Altogether, very few studies were performed about women's physiological responses to acute or chronic hypoxia until the end of the 1990's when there appeared a regain of interest as witnessed by the 1997 Hypoxia Symposium in Lake Louise where “Women at altitude” was the leading theme (Moore, 1997). Thereafter, some publications were dedicated to women's physiology and especially to the influence of the ovarian cycle on the physiological responses to hypoxia (Beidleman et al., 1999; Muza et al., 2001).
The objectives of this study were to explore in a large cohort of women the influence on HVRe and hypoxic cardiac response at exercise (HCRe) responses to hypoxia at exercise of (i) the phase of menstrual cycle, (ii) oral contraception, and (iii) menopause with or without hormonal treatment. Moreover, our study aimed to evaluate the tolerance to high altitude as evaluated by the incidence of severe acute mountain sickness (sAMS), as a function of age, hormonal status, and treatments, taking into account other drugs that are frequently used during trekking and that may interfere with the incidence of AMS.

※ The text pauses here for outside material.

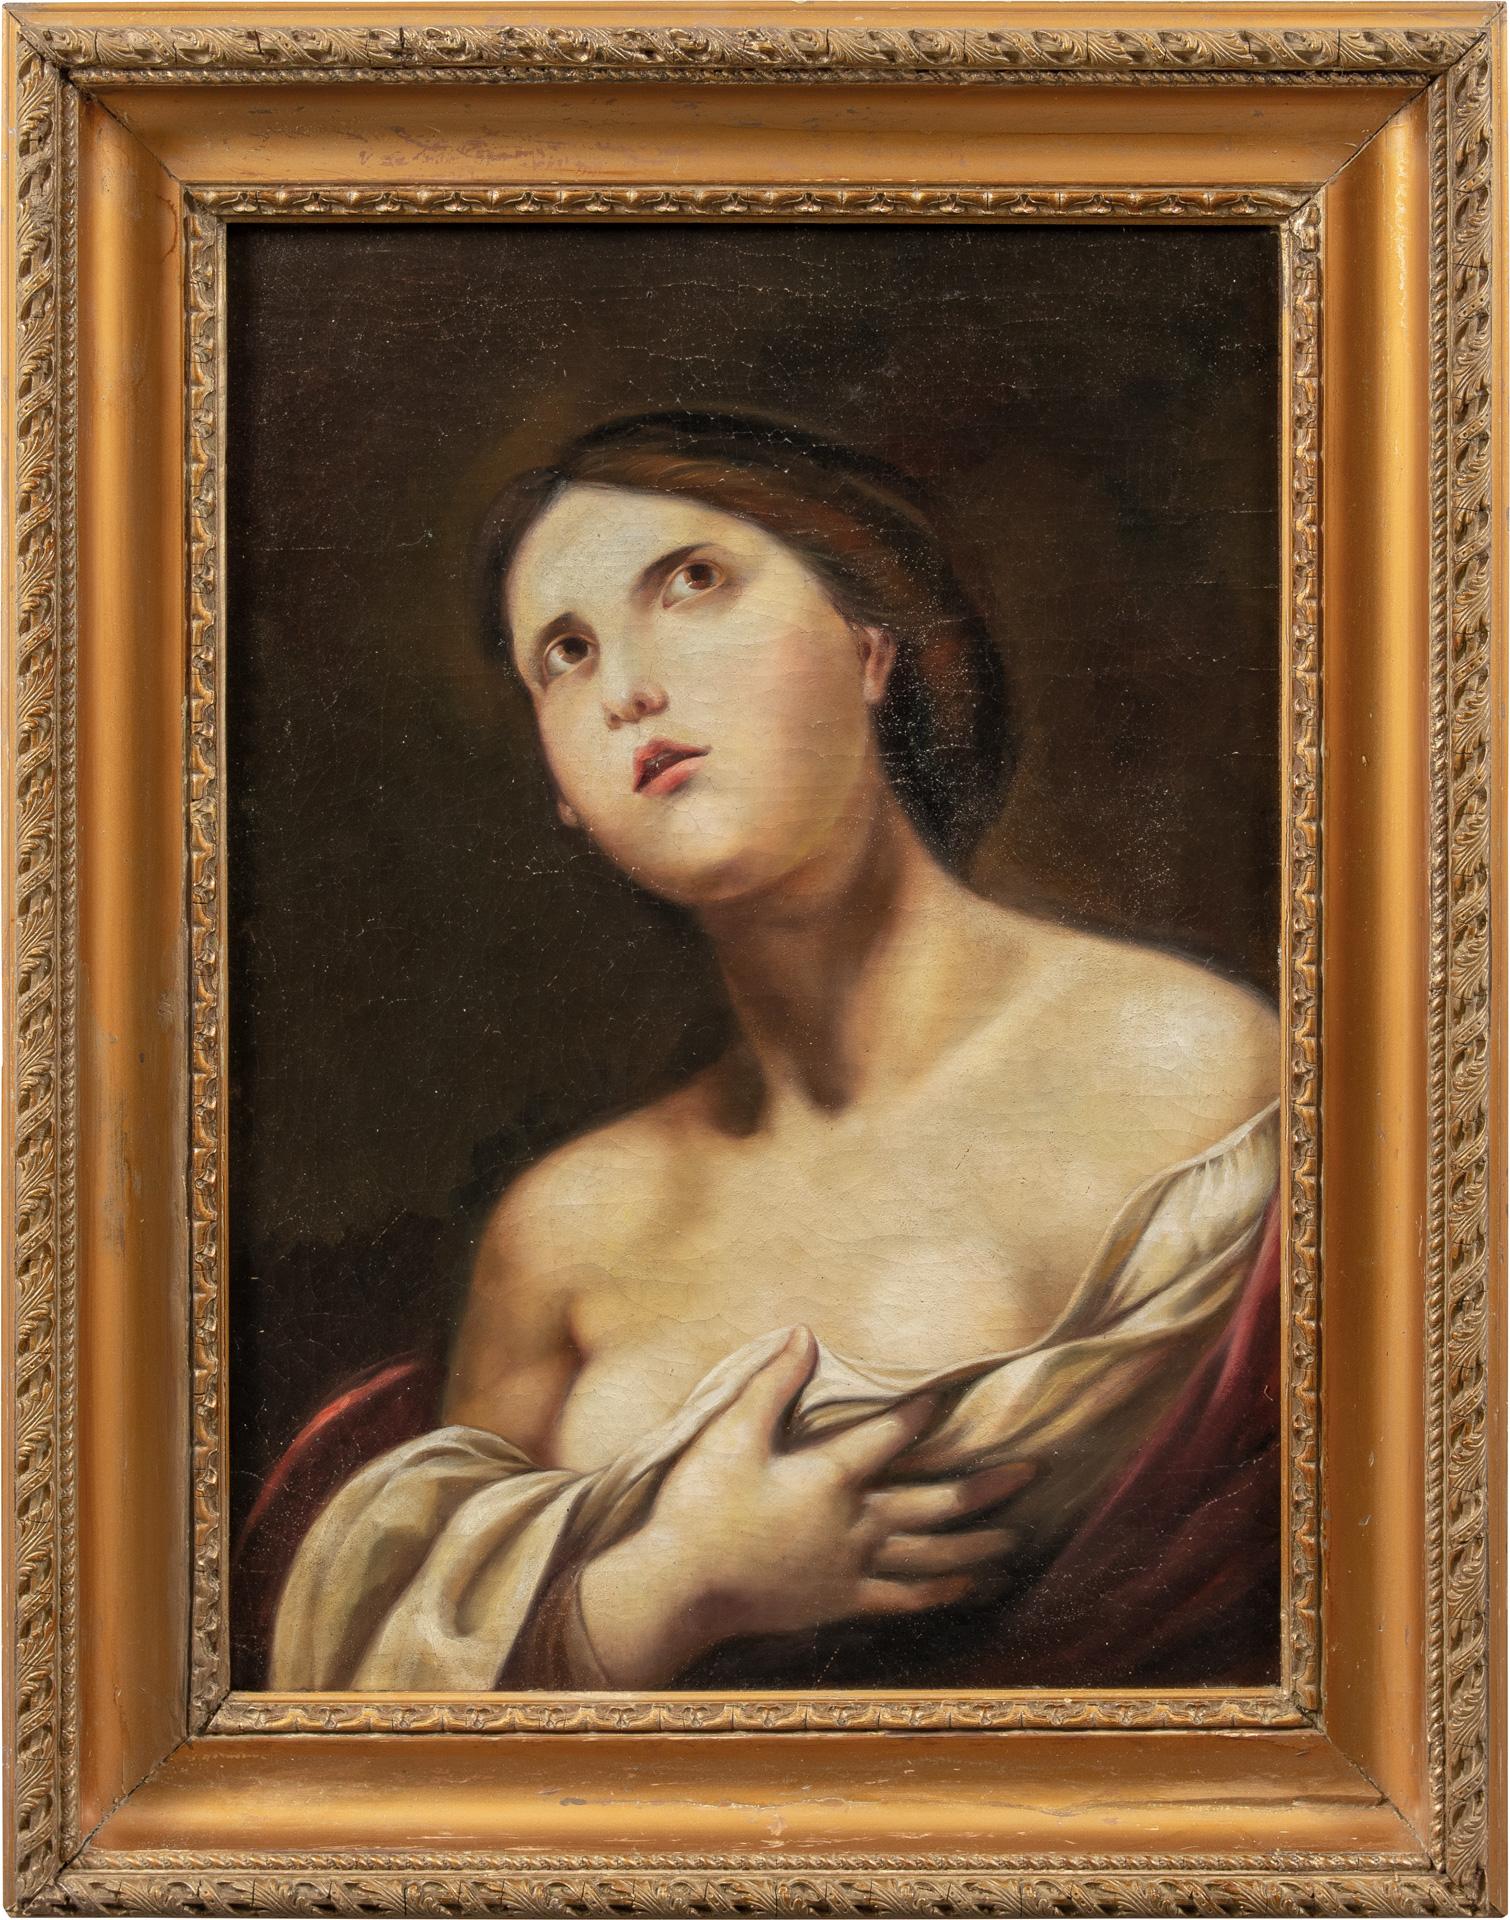 Unknown Portrait Painting – Antiker italienischer Maler – Figurenmalerei des 18. bis 19. Jahrhunderts – Öl auf Leinwand

For this purpose, we took advantage of the large cohort of subjects coming to our high-altitude medical consultation for exercise HVR testing before a stay at high altitude (Richalet et al., 2012; Canouï-Poitrine et al., 2014; Richalet et al., 2015).
Subjects and Methods
Subjects
From 2009 to 2017, 1060 sea level female natives went through a routine hypoxia exercise test at an outpatient mountain medicine consultation before a sojourn at high altitude. Subjects were included when they planned to spend at least 3 days above 4000 m with one night above 3500 m. Before the inclusion in the testing process, each patient was informed and signed consent documents. After clinical assessment, subjects were asked the number of days from the first day of their last menstruation to determine the phase of their cycle on the day of the test. They were also asked if they took oral contraception and if they were postmenopausal. No hormonal measurement was made at the occasion of this particular consultation, although most of the postmenopausal women had a regular evaluation of their hormonal status by their general practitioner or gynecologist.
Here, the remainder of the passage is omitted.